This is a description of the profile.proto format.
# Overview
Profile.proto is a data representation for profile data. It is independent of
the type of data being collected and the sampling process used to collect that
data. On disk, it is represented as a gzip-compressed protocol buffer, described
at src/proto/profile.proto
A profile in this context refers to a collection of samples, each one
representing measurements performed at a certain point in the life of a job. A
sample associates a set of measurement values with a list of locations, commonly
representing the program call stack when the sample was taken.
Tools such as pprof analyze these samples and display this information in
multiple forms, such as identifying hottest locations, building graphical call
graphs or trees, etc.
# General structure of a profile
A profile is represented on a Profile message, which contain the following
fields:
* *sample*: A profile sample, with the values measured and the associated call
stack as a list of location ids. Samples with identical call stacks can be
merged by adding their respective values, element by element.
* *location*: A unique place in the program, commonly mapped to a single
instruction address. It has a unique nonzero id, to be referenced from the
samples. It contains source information in the form of lines, and a mapping id
that points to a binary.
* *function*: A program function as defined in the program source. It has a
unique nonzero id, referenced from the location lines. It contains a
human-readable name for the function (eg a C++ demangled name), a system name
(eg a C++ mangled name), the name of the corresponding source file, and other
function attributes.
* *mapping*: A binary that is part of the program during the profile
collection. It has a unique nonzero id, referenced from the locations. It
includes details on how the binary was mapped during program execution. By
convention the main program binary is the first mapping, followed by any
shared libraries.
* *string_table*: All strings in the profile are represented as indices into
this repeating field. The first string is empty, so index == 0 always
represents the empty string.
# Measurement values
Measurement values are represented as 64-bit integers. The profile contains an
explicit description of each value represented, using a ValueType message, with
two fields:
* *Type*: A human-readable description of the type semantics. For example “cpu”

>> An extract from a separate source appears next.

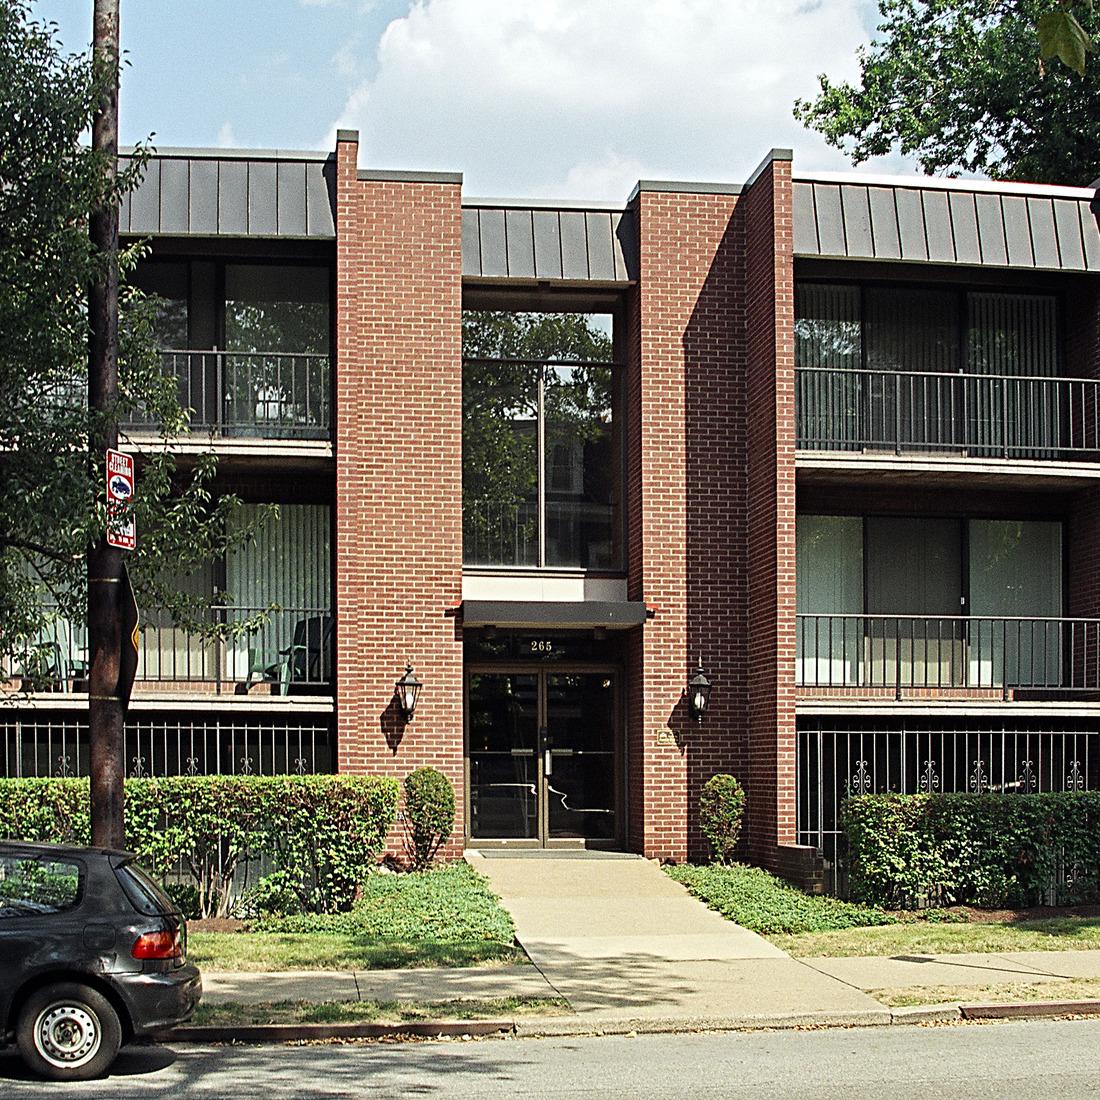 Shadyside Apartments: 265 Shady Avenue

to represent CPU time, “wall” or “time” for wallclock time, or “memory” for
bytes allocated.
* *Unit*: A human-readable name of the unit represented by the 64-bit integer
values. For example, it could be “nanoseconds” or “milliseconds” for a time
value, or “bytes” or “megabytes” for a memory size. If this is just
representing a number of events, the recommended unit name is “count”.
A profile can represent multiple measurements per sample, but all samples must
have the same number and type of measurements. The actual values are stored in
the Sample.value fields, each one described by the corresponding
Profile.sample_type field.
Some profiles have a uniform period that describe the granularity of the data
collection. For example, a CPU profile may have a period of 100ms, or a memory
allocation profile may have a period of 512kb. Profiles can optionally describe
such a value on the Profile.period and Profile.period_type fields. The profile
period is meant for human consumption and does not affect the interpretation of
the profiling data.
By convention, the first value on all profiles is the number of samples
collected at this call stack, with unit “count”. Because the profile does not
describe the sampling process beyond the optional period, it must include
unsampled values for all measurements. For example, a CPU profile could have
value[0] == samples, and value[1] == time in milliseconds.

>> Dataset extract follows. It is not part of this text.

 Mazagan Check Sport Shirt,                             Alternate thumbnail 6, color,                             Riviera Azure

## Locations, functions and mappings
Each sample lists the id of each location where the sample was collected, in
bottom-up order. Each location has an explicit unique nonzero integer id,
independent of its position in the profile, and holds additional information to
identify the corresponding source.
The profile source is expected to perform any adjustment required to the
locations in order to point to the calls in the stack. For example, if the
profile source extracts the call stack by walking back over the program stack,
it must adjust the instruction addresses to point to the actual call
instruction, instead of the instruction that each call will return to.
Sources usually generate profiles that fall into these two categories:
* *Unsymbolized profiles*: These only contain instruction addresses, and are to
be symbolized by a separate tool. It is critical for each location to point to
a valid mapping, which will provide the information required for
symbolization. These are used for profiles of compiled languages, such as C++
and Go.
* *Symbolized profiles*: These contain all the symbol information available for
the profile. Mappings and instruction addresses are optional for symbolized
locations. These are used for profiles of interpreted or jitted languages,
such as Java or Python. Also, the profile format allows the generation of
mixed profiles, with symbolized and unsymbolized locations.

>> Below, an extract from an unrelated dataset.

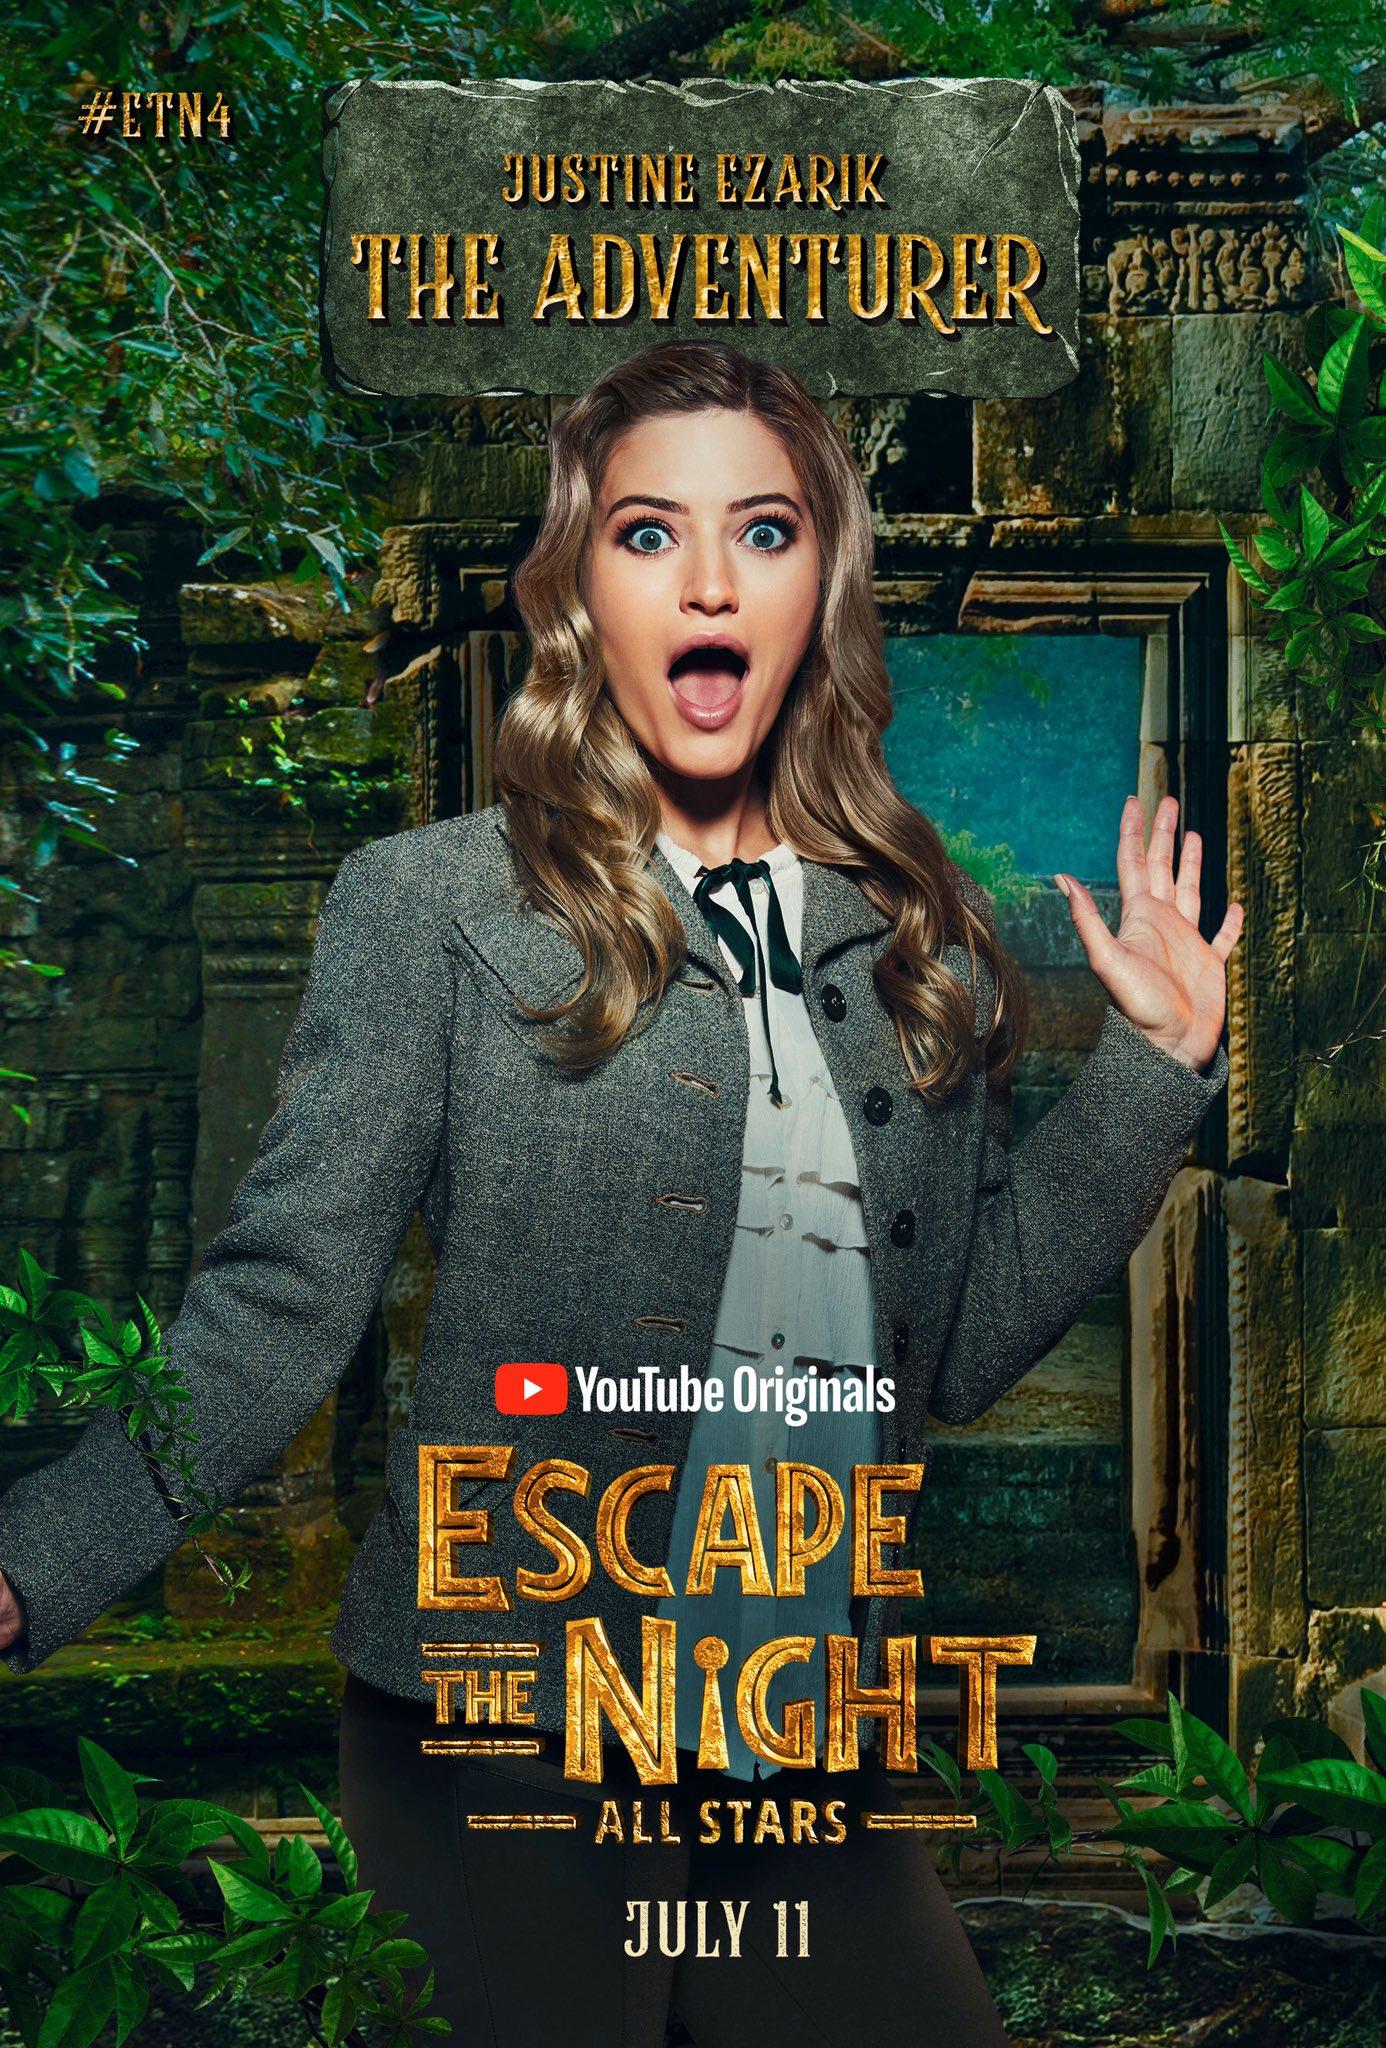 Justine Ezarik - The Adventurer - Escape the Night Photo (42858302

The symbol information is represented in the repeating lines field of the
Location message. A location has multiple lines if it reflects multiple program
sources, for example if representing inlined call stacks. Lines reference
functions by their unique nonzero id, and the source line number within the
source file listed by the function. A function contains the source attributes
for a function, including its name, source file, etc. Functions include both a
user and a system form of the name, for example to include C++ demangled and
mangled names. For profiles where only a single name exists, both should be set
to the same string.
Mappings are also referenced from locations by their unique nonzero id, and
include all information needed to symbolize addresses within the mapping. It
includes similar information to the Linux /proc/self/maps file. Locations
associated to a mapping should have addresses that land between the mapping
start and limit. Also, if available, mappings should include a build id to
uniquely identify the version of the binary being used.
## Labels
Samples optionally contain labels, which are annotations to discriminate samples
with identical locations. For example, a label can be used on a malloc profile
to indicate allocation size, so two samples on the same call stack with sizes
2MB and 4MB do not get merged into a single sample with two allocations and a
size of 6MB.
Labels can be string-based or numeric. They are represented by the Label
message, with a key identifying the label and either a string or numeric
value. For numeric labels, the measurement unit can be specified in the profile.
If no unit is specified and the key is "request" or "alignment",
then the units are assumed to be "bytes". Otherwise when no unit is specified
the key will be used as the measurement unit of the numeric value. All tags with
the same key should have the same unit.
## Keep and drop expressions
Some profile sources may have knowledge of locations that are uninteresting or
irrelevant. However, if symbolization is needed in order to identify these
locations, the profile source may not be able to remove them when the profile is
generated. The profile format provides a mechanism to identify these frames by
name, through regular expressions.
These expressions must match the function name in its entirety. Frames that
match Profile.drop\_frames will be dropped from the profile, along with any
frames below it. Frames that match Profile.keep\_frames will be kept, even if
they match drop\_frames.